Retumbó el trueno, comenzó a llover y Lalita se guareció bajo la techumbre. Pantacha siguió en la baranda, recibiendo el agua en las piernas. Minutos después cesó la lluvia y el claro se llenó de vapor. La cabaña del práctico ya no tenía luz, patrona, ya se dormiría, y ése fue sólo un anuncio, el aguacero de veras les caería a los huambisas en plena fiesta. El Aquilino se habría asustado con los truenos, seguro, y Lalita saltó de la escalerilla, iba a verlo, cruzó el claro y entró a la cabaña. Fushía tenía las piernas sumergidas en las vasijas y la piel de sus muslos era, como la greda del recipiente, sonrosada y escamosa. Manoteaba el mosquitero sin dejar de mirarla, Fushía, ¿por qué tenía vergüenza?, y lo arrancó y se cubrió, y ahora gruñía, ¿qué tenía de malo que lo viera?, y doblado en 46s trataba de alcanzar la bota, Fushía, si a ella no le importaba, y al fin la atrapó y se la arrojó, sin apuntar: pasó junto a Lalita, chocó contra el camastro y el niño no lloró. Lalita volvió a salir de la cabaña. Caía una lluvia fina, ahora.

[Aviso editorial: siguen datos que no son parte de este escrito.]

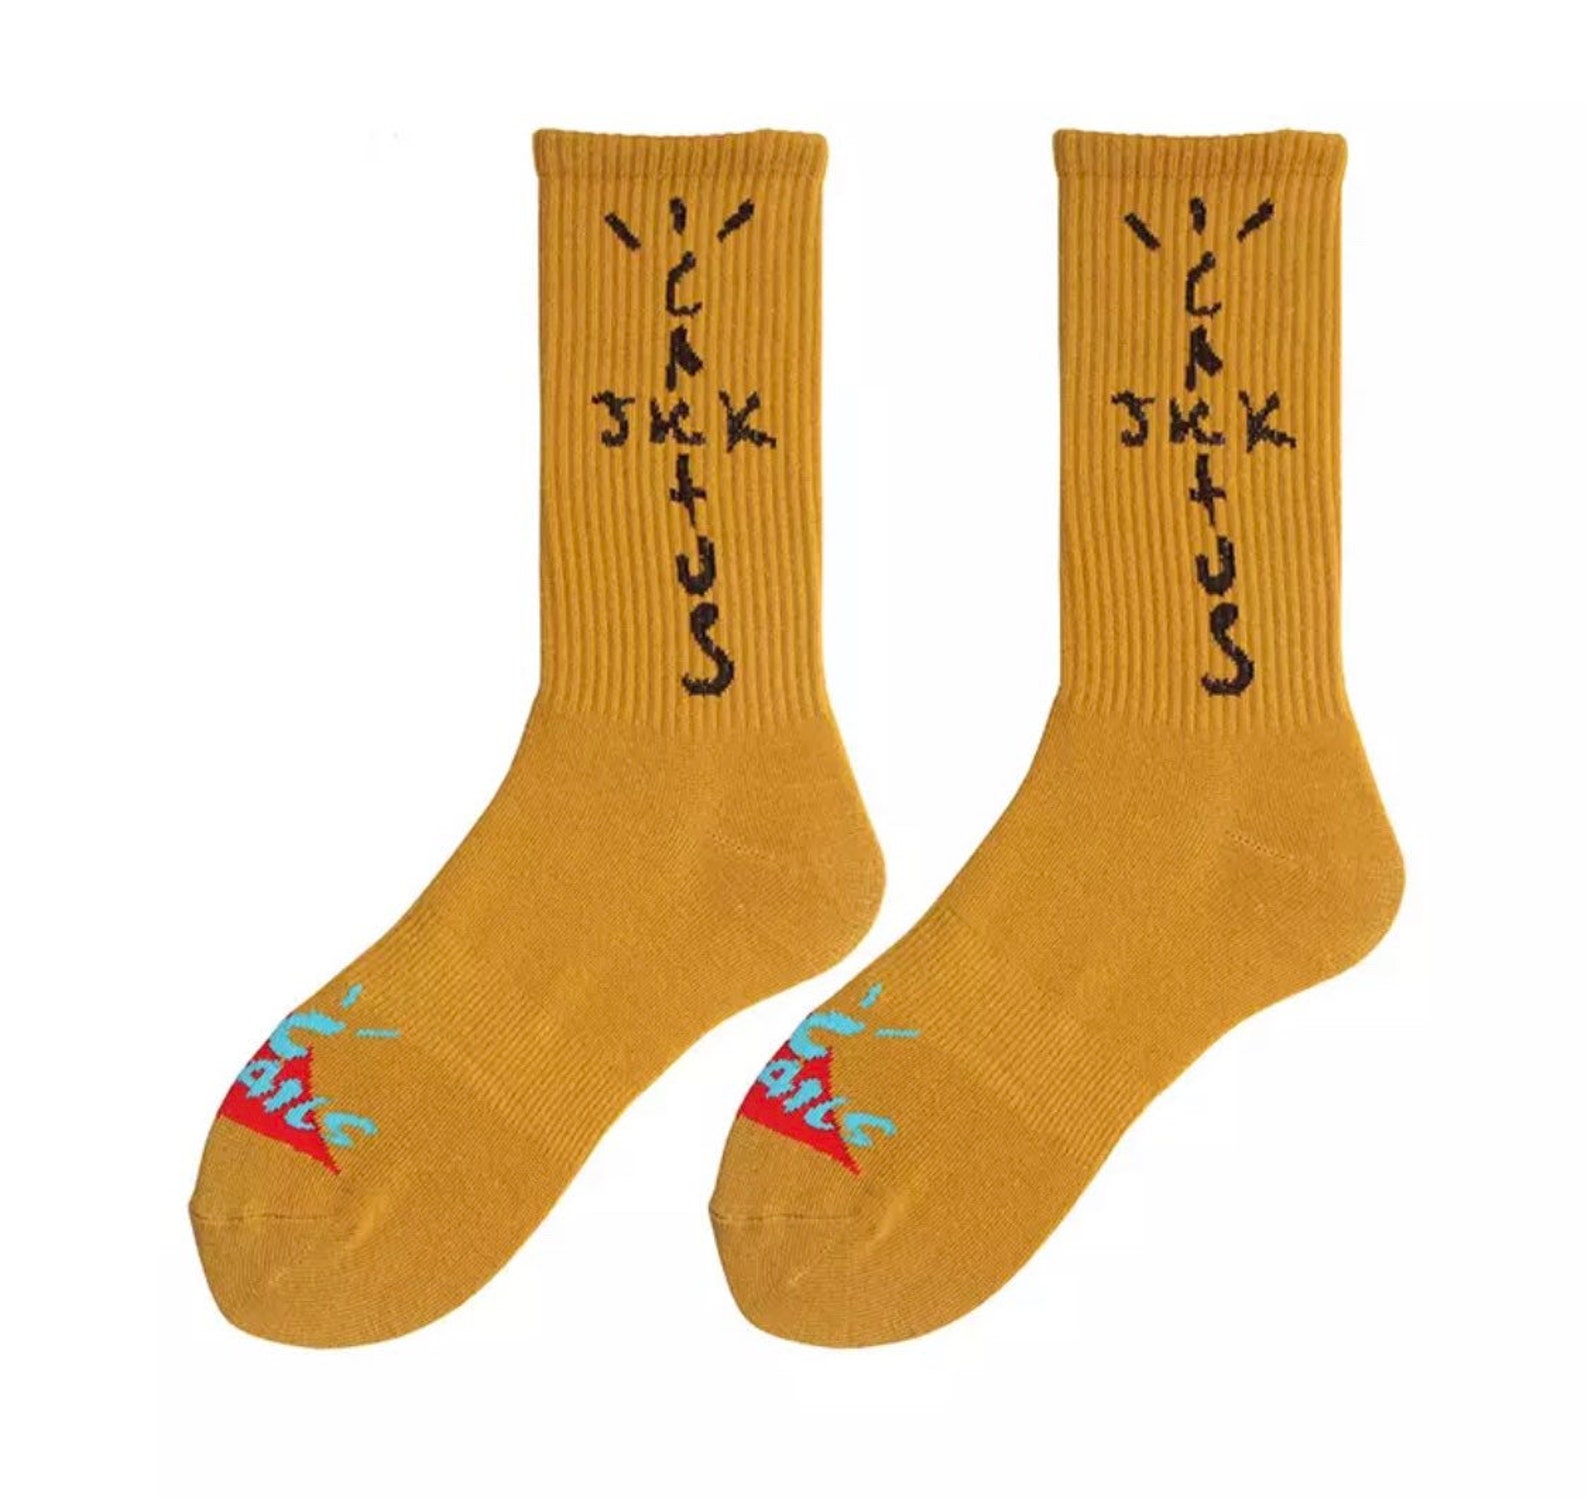 Travis Scott x McDonalds socks | Etsy

– ¿Y a los que se mueren, viejo? -dijo Fushía-. ¿Los entierran ahí mismo?

– Seguro que ahí mismo -dijo Aquilino-. No los van a echar al Amazonas, no sería de cristianos.

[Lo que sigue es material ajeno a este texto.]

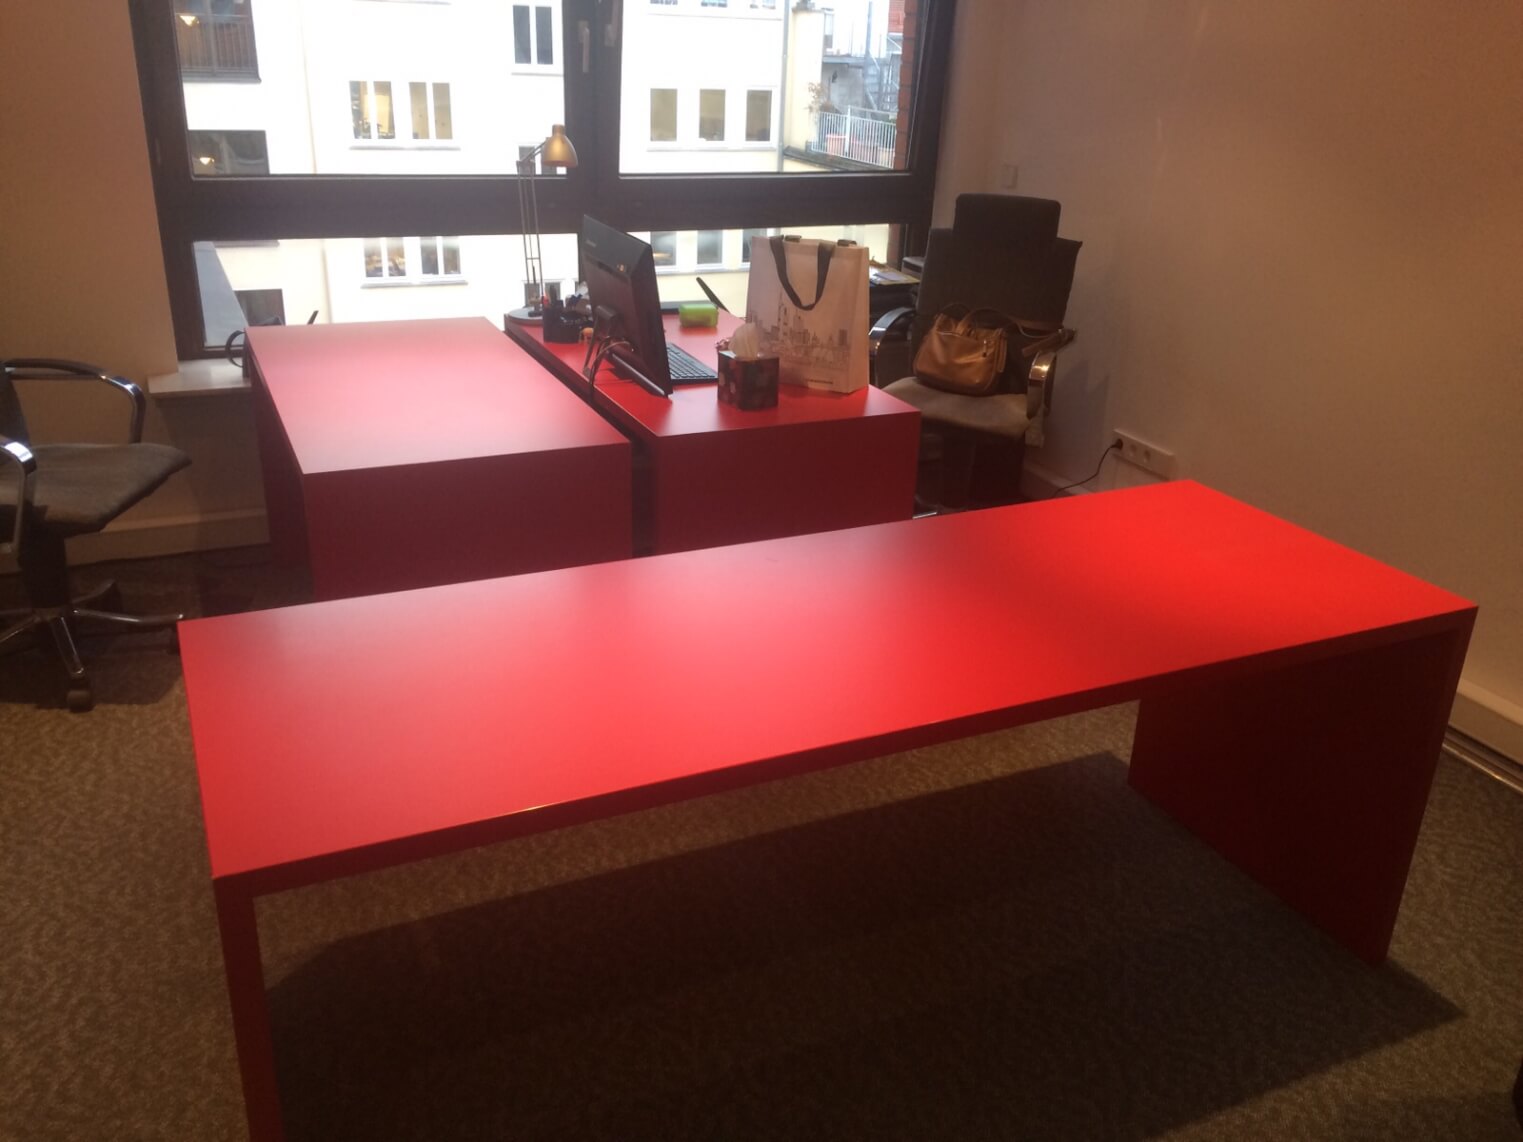 Büro Schreibtisch Folieren mit Selbstklebefolie von Rot zu Dunkelgrau Anthrazit 01

– ¿Siempre vas a estar de un lado a otro por los ríos, Aquilino? -dijo Fushía-. ¿No has pensado que un día te puedes morir en la lancha?

– Quisiera morirme en mi pueblo -dijo Aquilino-. Ya no tengo a nadie en Moyobamba, ni familia ni amigos. Pero me gustaría que me enterraran en el cementerio de allá, no sé por qué.

– A mí me gustaría también volver a Campo Grande -dijo Fushía-. Averiguar qué fue de mis parientes, de mis amigos de muchacho. Alguien se debe acordar de mí todavía.

– A veces me arrepiento de no tener socio -dijo Aquilino-. Muchos me han ofrecido trabajar conmigo, poner un capitalito para una lancha nueva. A todos les tienta pasarse la vida viajando.